#### Dataset extract
# # # # # # #

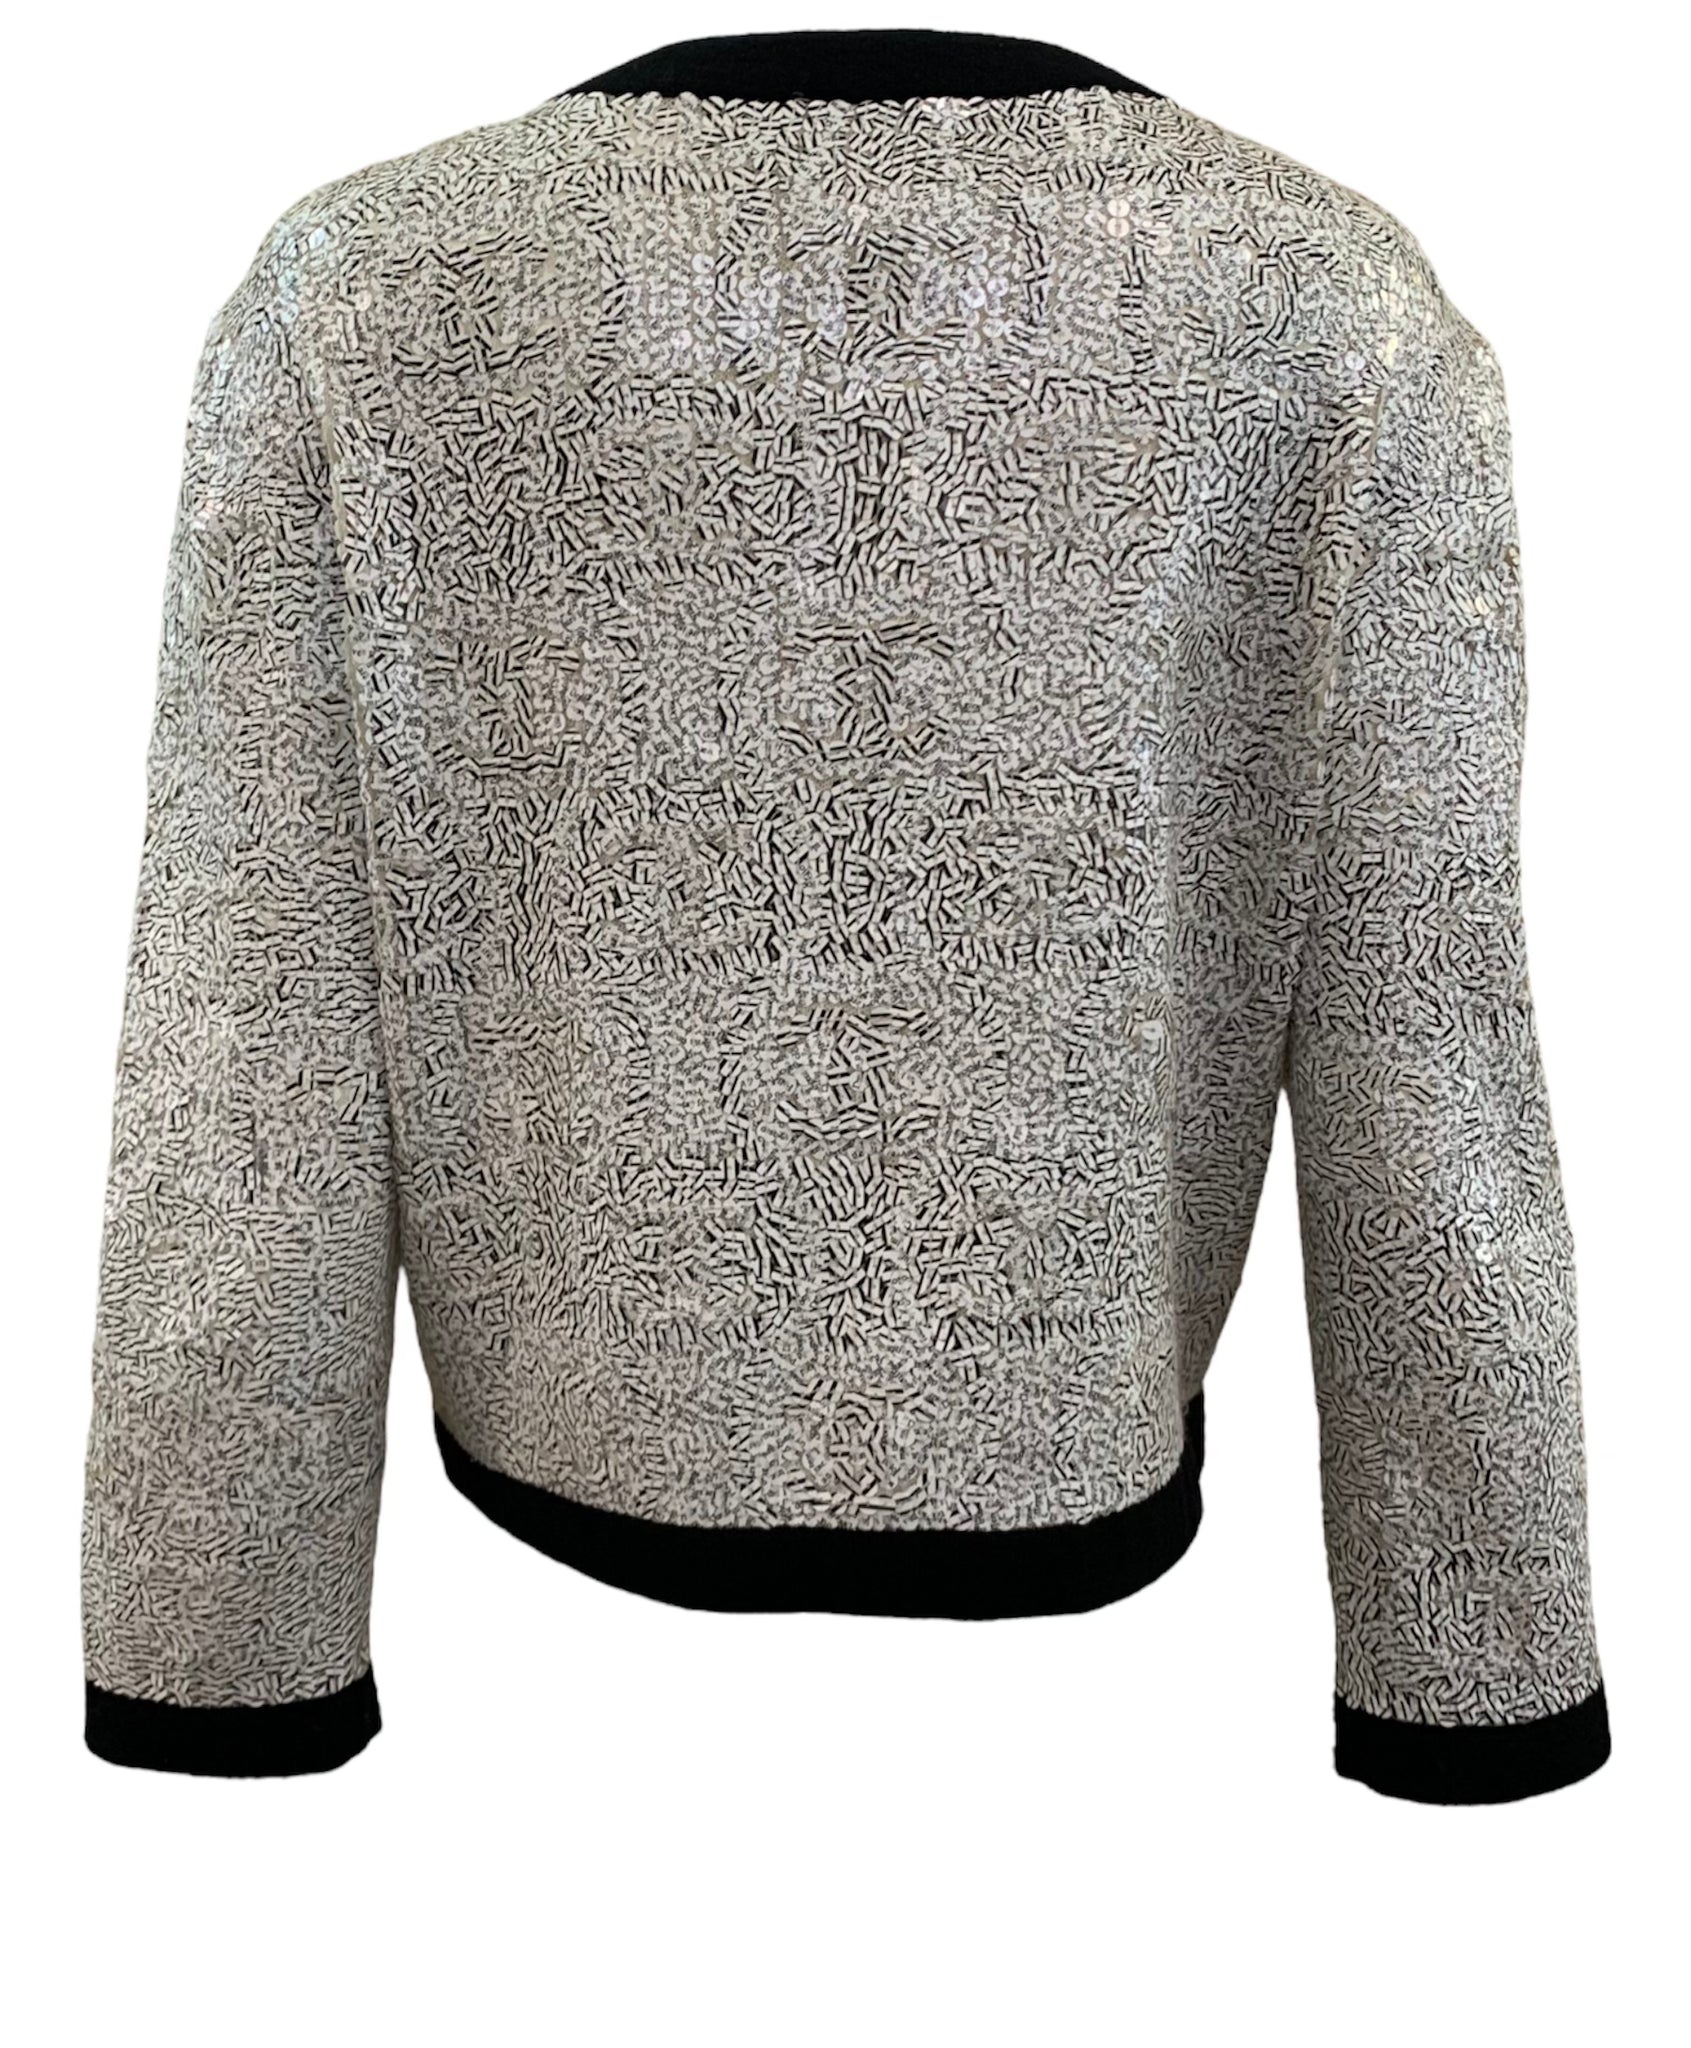 Chanel Contemporary Cashmere Wordy Sequin Cardigan BACK 3 of 5
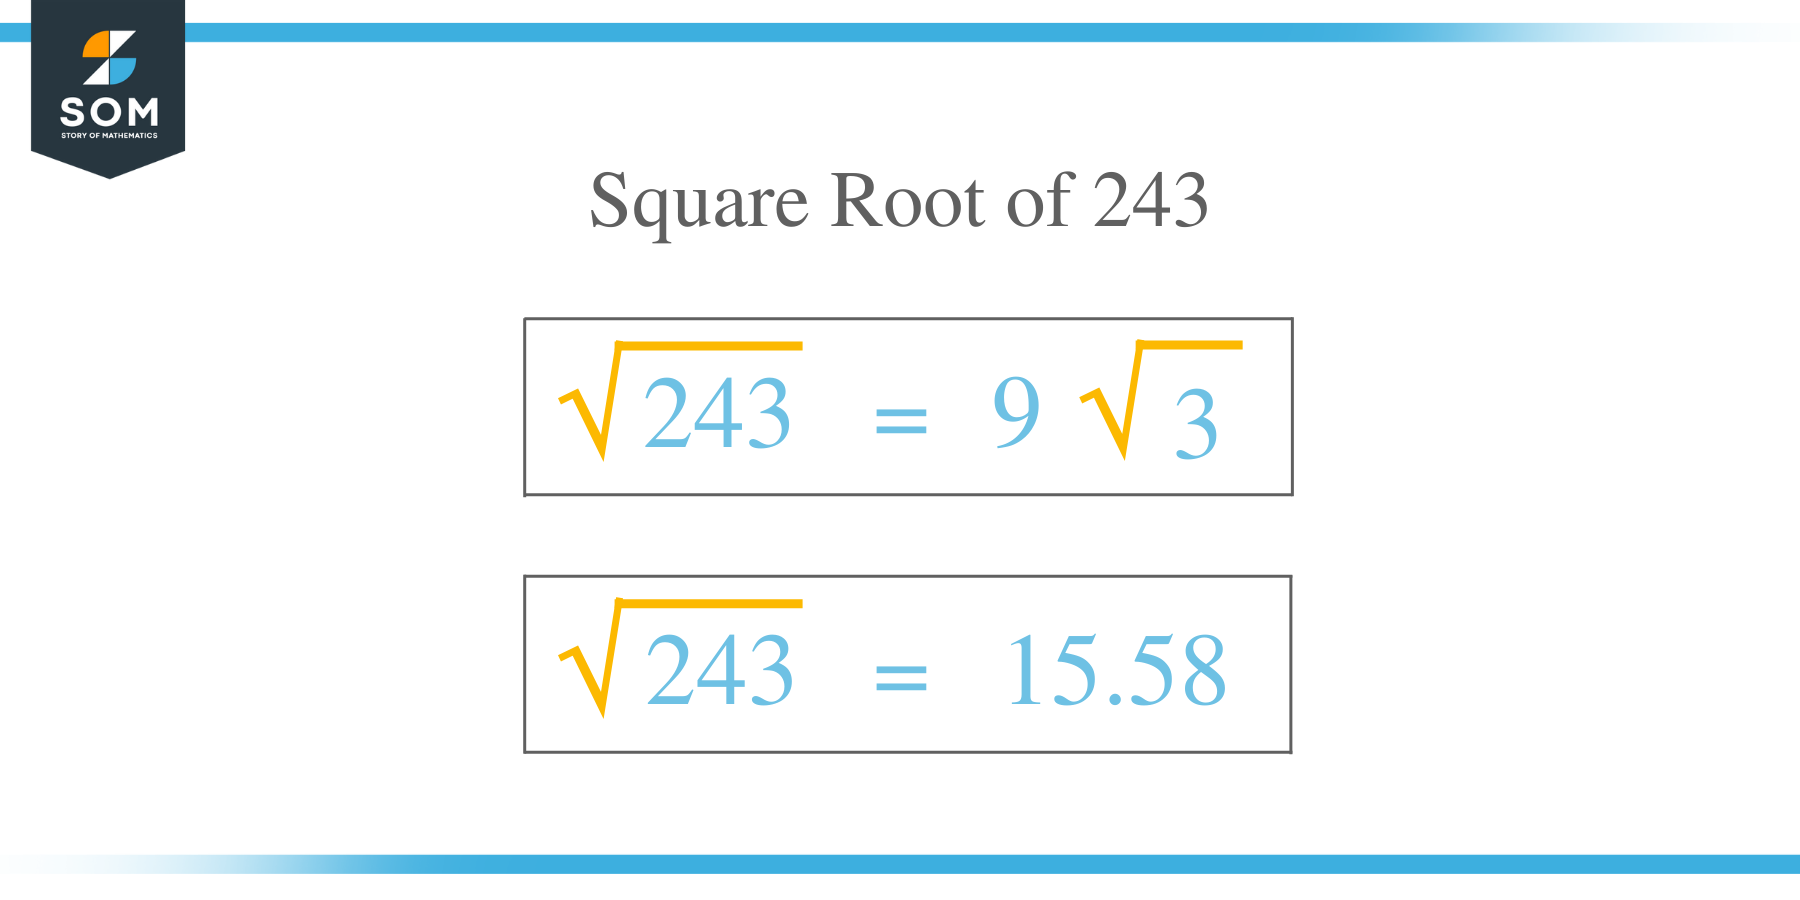 Square Root of 243
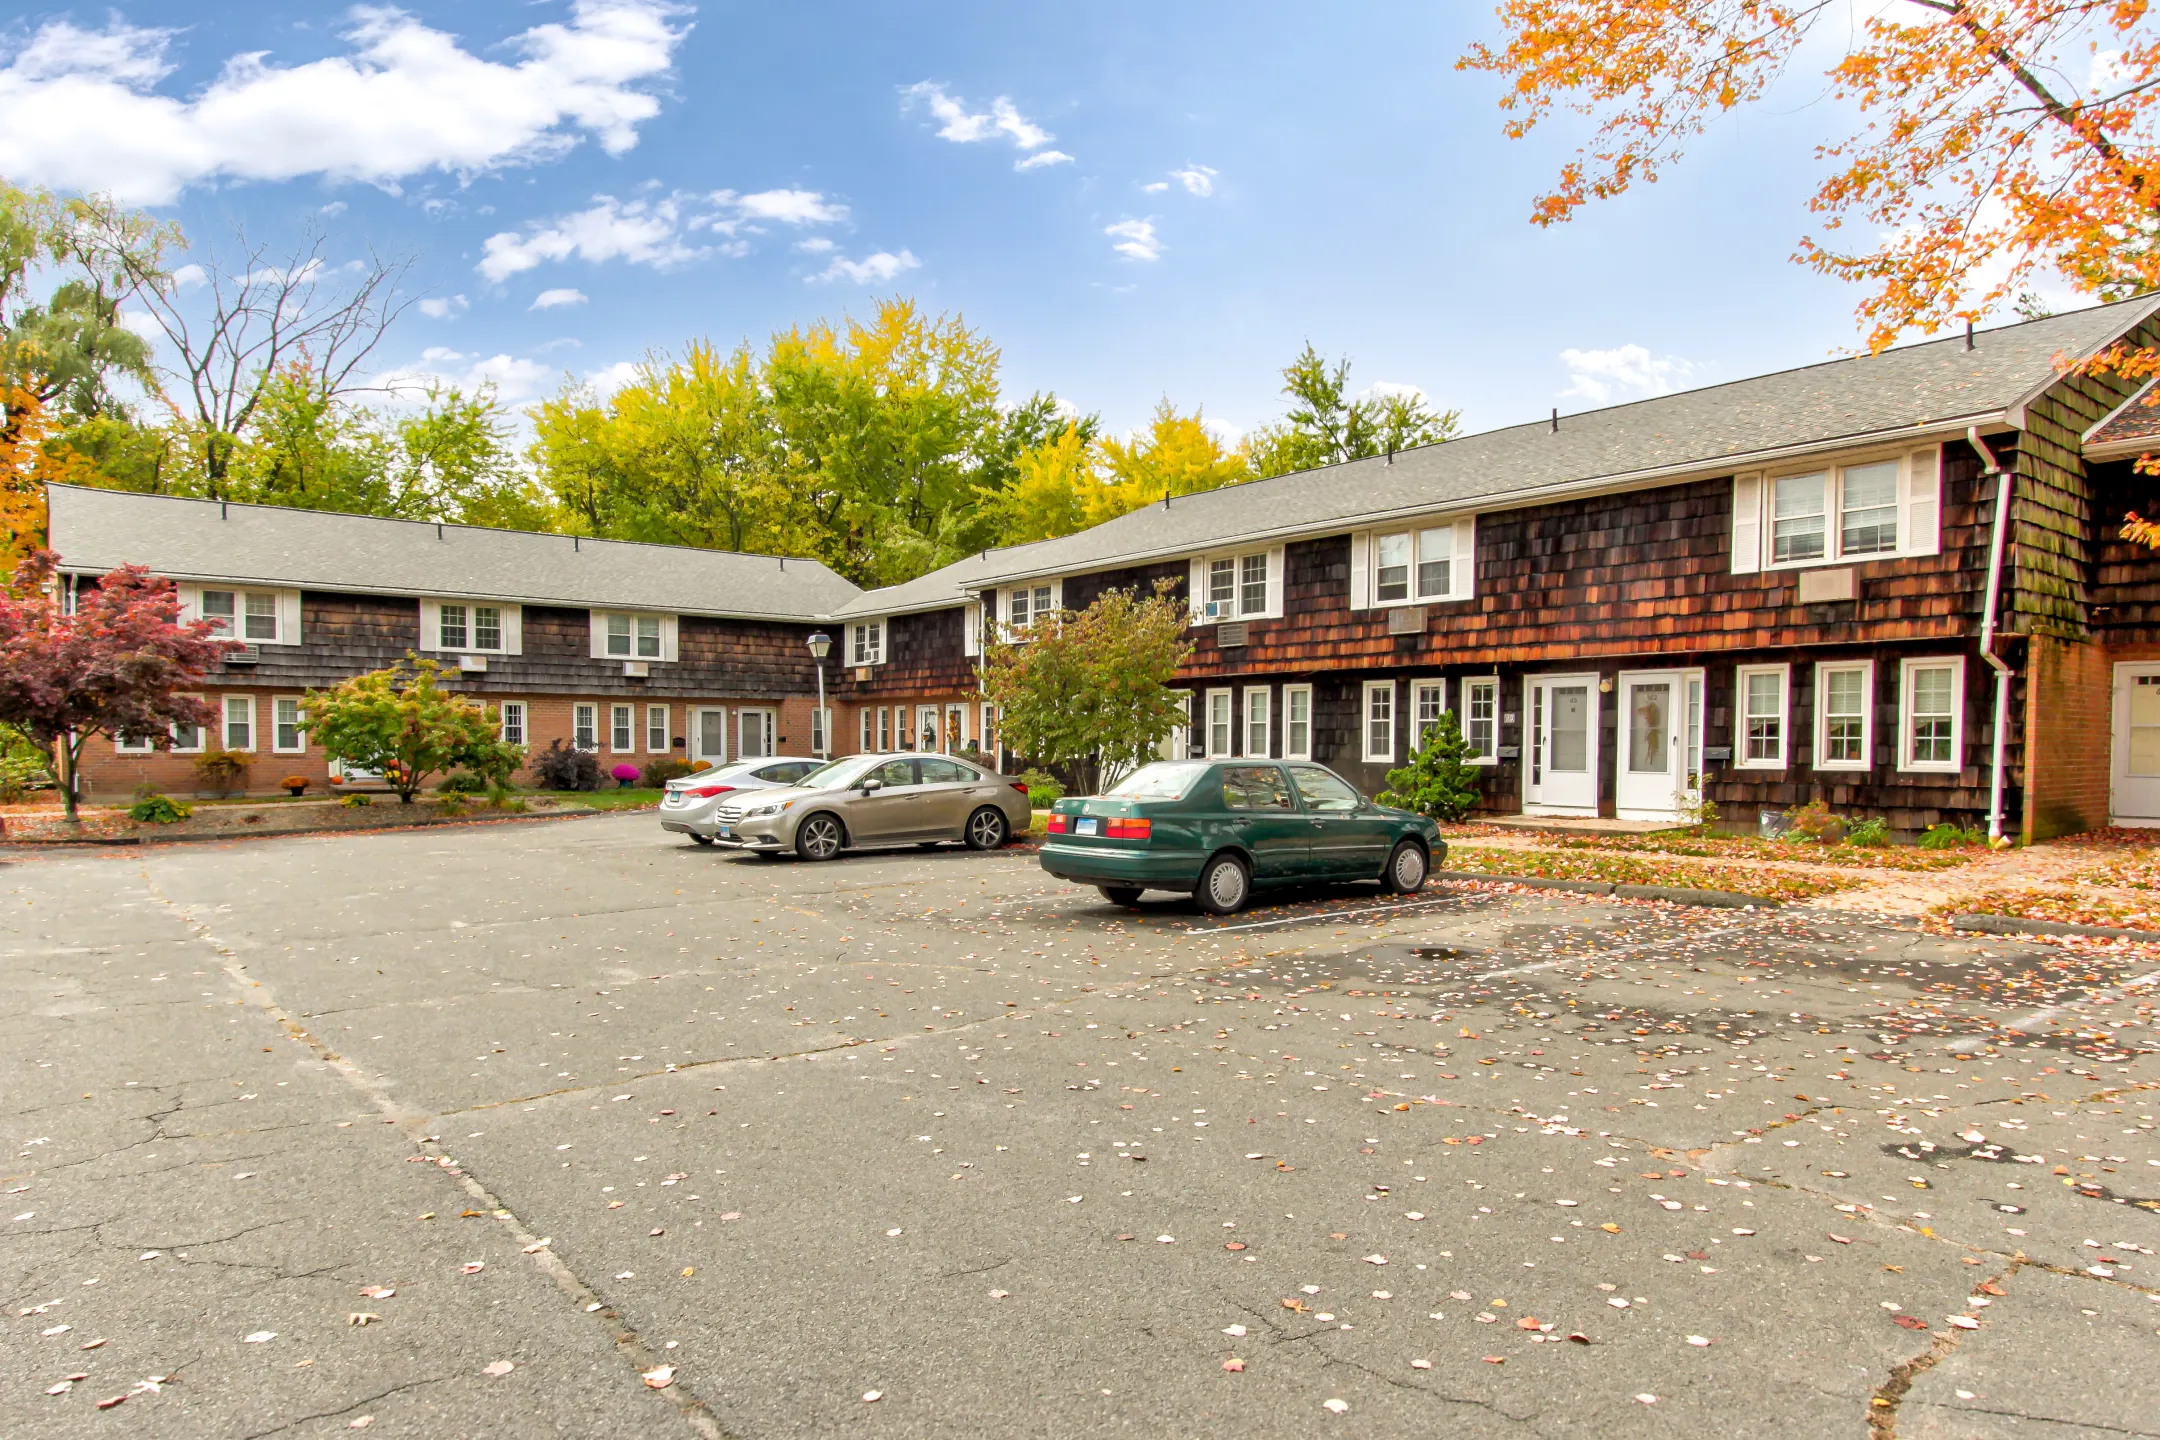 Suffield West Apartments - Suffield, CT

# # # # # # #

#### Exercise brief
Omit the pictures, then give all the lines above again exactly.

#### Problem solution
 Chanel Contemporary Cashmere Wordy Sequin Cardigan BACK 3 of 5
 Square Root of 243
 Suffield West Apartments - Suffield, CT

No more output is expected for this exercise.